Continuing on the previous blog post, this post will demonstrate the Central Limit Theorem on a dataset that was sampled from a series of random distributions. I won't give away exactly how I generated the dataset, but I will tell you that the random distributions I used to generate the data were definitely not Gaussian. However, as we found last time, this doesn't matter. The Central Limit Theorem even applies to datasets where the sampling distribution is unknown.
First, let's load the dataset and look at a histogram of the values, which should clearly demonstrate that the dataset is not Gaussian.
In [1]:
import pandas as pd
import matplotlib.pyplot as plt
%matplotlib inline
# Read the data and plot a histogram
df = pd.read_csv('20170419_data_bootstrap.csv', header=None)
df.hist()
plt.title('Data from Unknown Distribution')
plt.xlabel('Value');
According to the figure above, the distribution is heavily skewed towards the right, with a much longer tail on the left side. It does not appear to be Gaussian.
As a reminder from the previous post, the Central Limit Theorem states:
The arithmetic mean of a sufficiently large number of samples taken from an independent random distribution will be approximately normally distributed, regardless of the underlying distribution.
We can still demonstrate the Central Limit Theorem with this dataset, even though we don't know the initial random distribution that the data was sampled from. This will be accomplished using a statistical technique called bootstrapping, which is often used to obtain confidence intervals when the initial distribution is unknown.
Bootstrapping works by randomly sampling the known data, each time replacing the data point so that it might be selected again ("random sampling with replacement"). Why might this process work for calculating confidence intervals? You can think of a dataset as a "discrete" type of distribution. Even if we don't know the original random distribution that it came from, samples taken from the dataset will still follow some exploitable rules, such as the Central Limit Theorem.
Let's demonstrate this on our dataset above. First, let's sample the dataset 100 times (with replacement). Luckily, numpy has a function that makes this process very easy:
In [2]:
import numpy as np
# random.choice takes a data array, and you provide it with
# the size of samples that you want, with replacement or
# without replacement
boot = np.random.choice(df[0].values, 100, replace=True)
# Let's look at the histogram of the data again, to compare
# it to the first figure.
boot_df = pd.DataFrame(boot)
f, (ax1, ax2) = plt.subplots(1, 2, sharey=True)
plt.suptitle('Sampling with Replacement, 100 Samples')

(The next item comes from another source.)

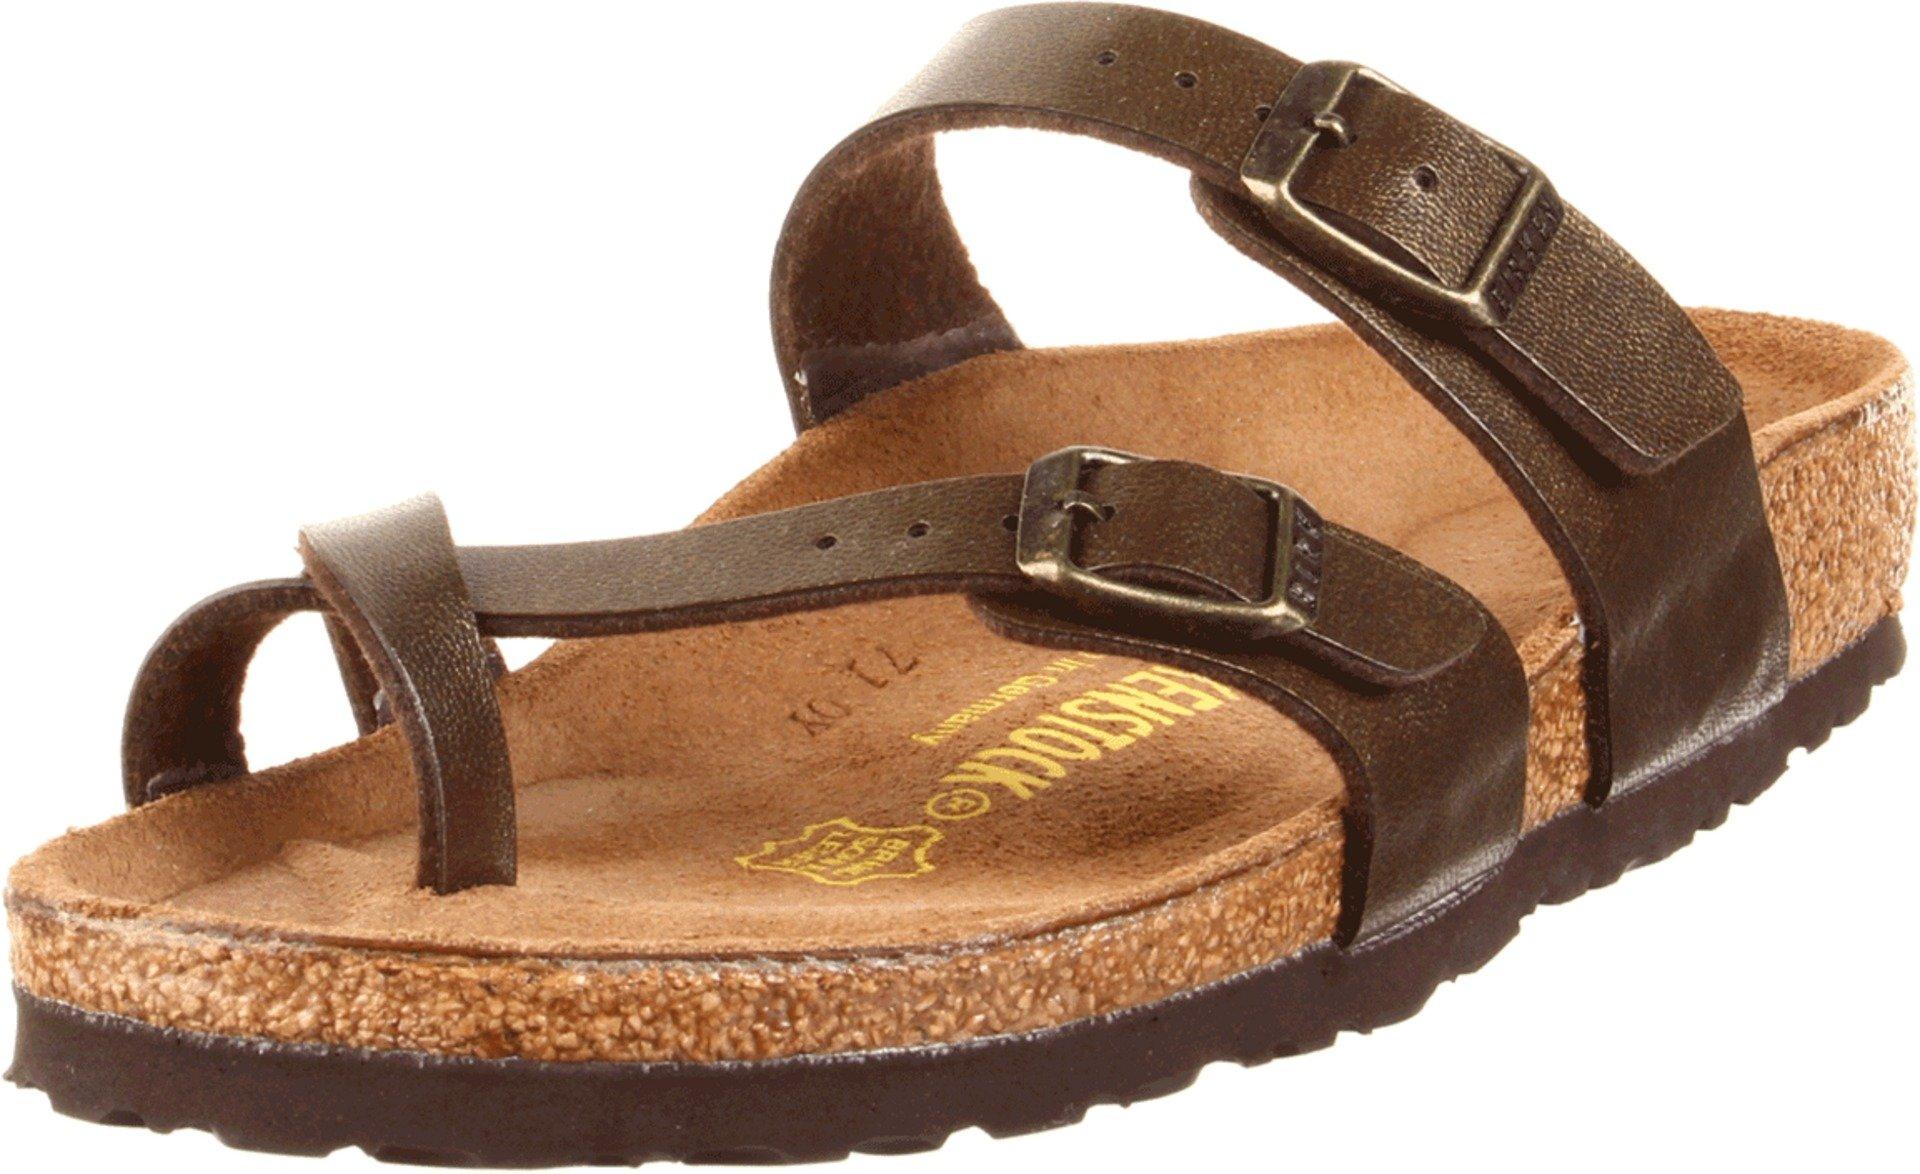 Birkenstock Women's Mayari Sandal,Golden Brown,40 EU/9-9.5 N US by Birkenstock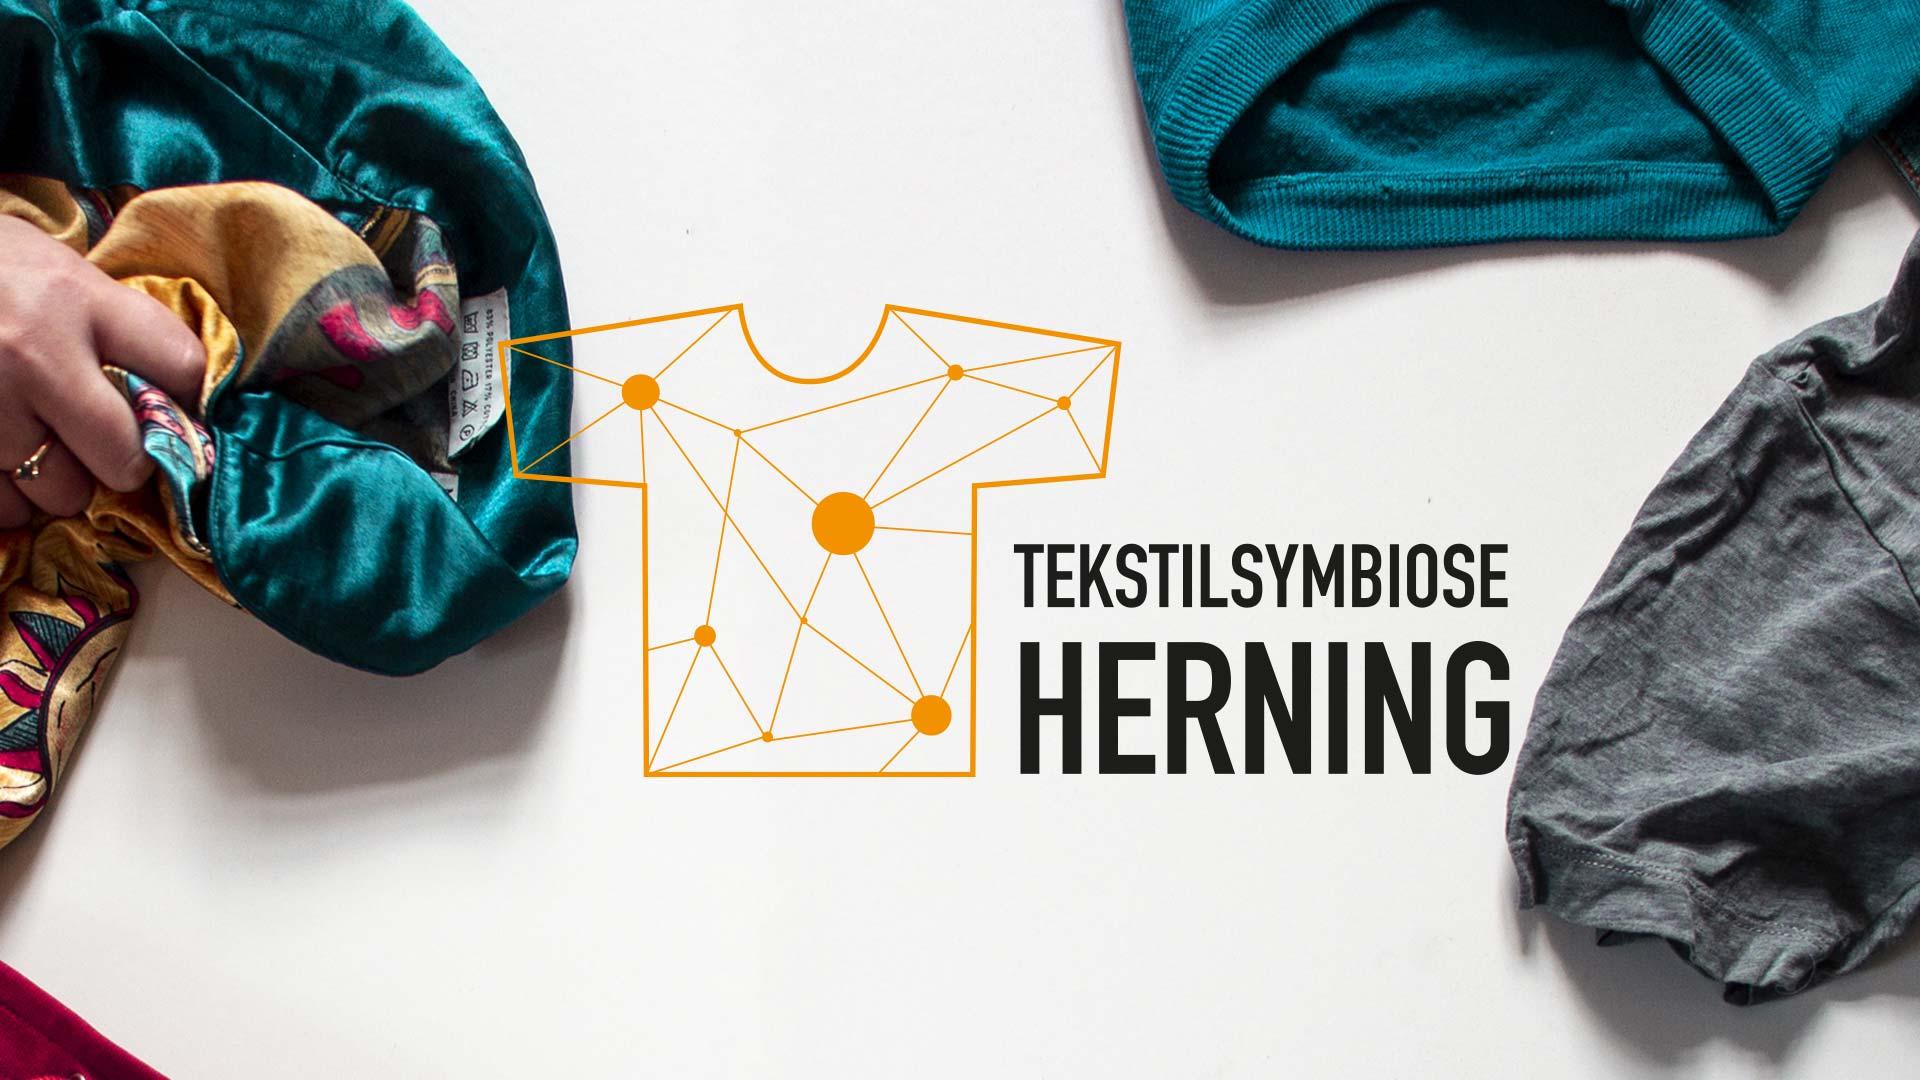 Tekstilsymbiose Herning

ax1.hist(boot_df[0].values, normed=1)
ax1.set_xlabel('Bootstrapped Data')
ax2.hist(df[0].values, normed=1)
ax2.set_xlabel('Original Data');
Notice that the histogram of the bootstrapped data looks similar to the original data, but it's certainly not perfect. The original dataset had slightly over 10000 data points, but we only took 100 samples. Let's try the same process as above, but with 10000 samples:
In [3]:
import numpy as np
# random.choice takes a data array, and you provide it with
# the size of samples that you want, with replacement or
# without replacement
boot2 = np.random.choice(df[0].values, 10000, replace=True)
# Let's look at the histogram of the data again, to compare
# it to the first figure.
boot_df2 = pd.DataFrame(boot2)
f, (ax1, ax2) = plt.subplots(1, 2, sharey=True)
plt.suptitle('Sampling with Replacement, 10000 Samples')
ax1.hist(boot_df2[0].values, normed=1)
ax1.set_xlabel('Bootstrapped Data')
ax2.hist(df[0].values, normed=1)
ax2.set_xlabel('Original Data');
Now the bootstrapped data looks very similar to the original data. In general, it's preferable to choose at least the same order of magnitude of samples as the original dataset, but this is not advisable in all circumstances.
Finally, let's apply Monte Carlo simulation to this demonstration. According to the Central Limit Theorem, if we take the mean of the bootstrapping process above, many times, we should see that the distribution of the means looks Gaussian, despite the fact that our original dataset it clearly not Gaussian:
In [4]:
num_hist = int(1e6)
# Run the Monte Carlo simulation with the above number of histories
mc_boot = []
for _ in range(num_hist):
# Random sampling with replacement
boot3 = np.random.choice(df[0].values, 10000, replace=True)
# Save the mean of the random sampling in the mc_boot array
mc_boot.append(np.mean(boot3))
# Plot the results
mc_df = pd.DataFrame(mc_boot)
mc_df.hist();
plt.title('Distribution of the Sampling Means')
plt.xlabel('Values');
As expected, the distribution of the mean of each bootstrapped sample looks Gaussian, demonstrating the Central Limit Theorem yet again, even on a "discrete" dataset.